The City of Spartanburg, whose fate was once married to the textile industry, is undergoing a revival with new businesses, a walkable downtown and a strong commitment to support the health of its residents. Despite this positive momentum, two attempts at operating a farmers market had already failed in the city. The Spartanburg Nutritional Council sought to restart the market in the best possible site, and with the support of the Mary Black Foundation, the Council retained PPS to select a new site for the market and prepare a plan to create an economically viable, community gathering place promoting healthy eating and lifestyles.
PPS conducted a training program for local stakeholders on developing and operating a successful market; assessed multiple sites for the market and recommended the site at the historic train depot near downtown; hosted a placemaking workshop at this site to get input from the community and future vendors and prepared a business plan for the market, which included a suggested merchandising mix, a start-up budget and operational pro forma.

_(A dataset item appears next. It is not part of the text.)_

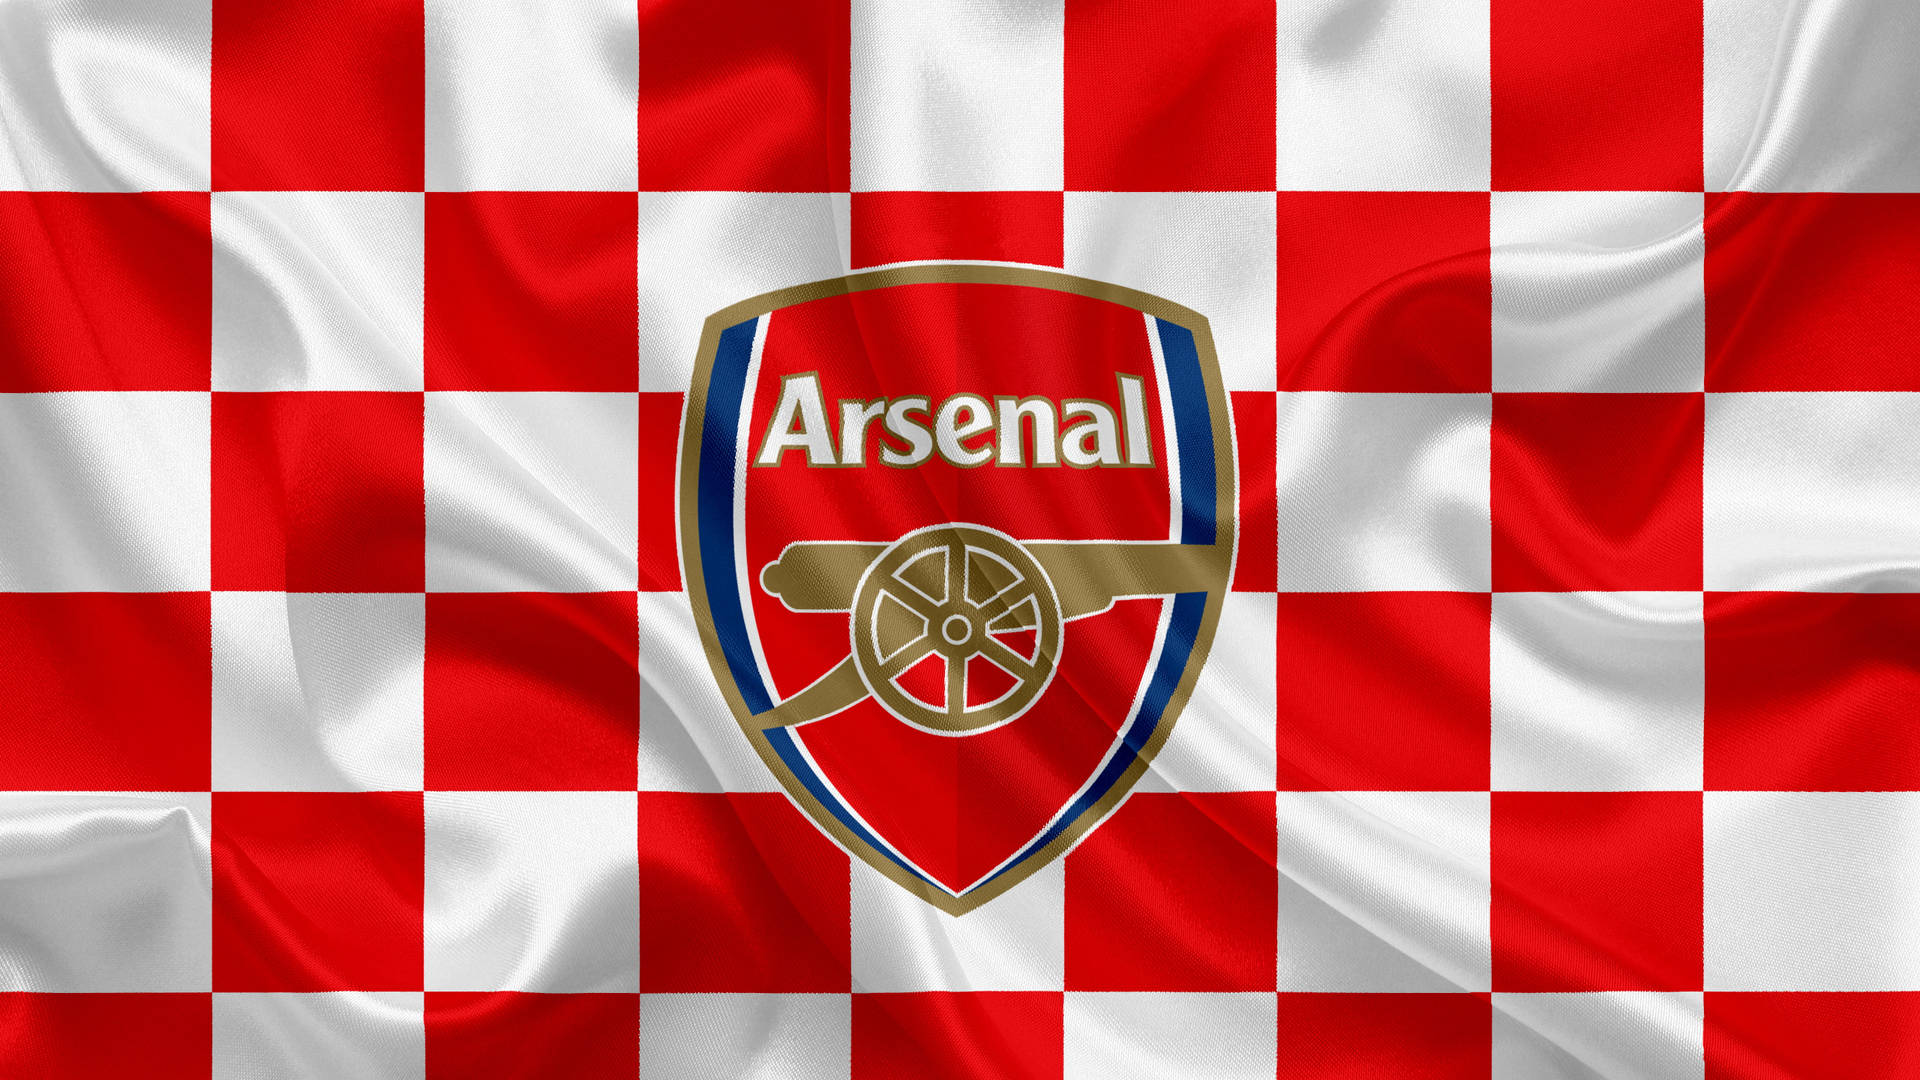 Free Arsenal Wallpaper Downloads, Arsenal Wallpaper for FREE

The market opened in the summer of 2006 and became an immediate success. Over 750 people came to the opening day and vendors sold out. Since then, the market has grown steadily in terms of vendors, customers and programs, including the development of mobile markets and a Wednesday Downtown Lunch Market. In 2014, the market expanded into nearby Harvest Park through a joint effort between the Northside Development Group, the City of Spartanburg, the Butterfly Foundation and the Hub City Farmer's Market. The new location features a pavilion and ½ acre urban farm managed by the market, as well as a café and food store selling produce from local farmers. The market plans on expanding into year-round operation in 2016.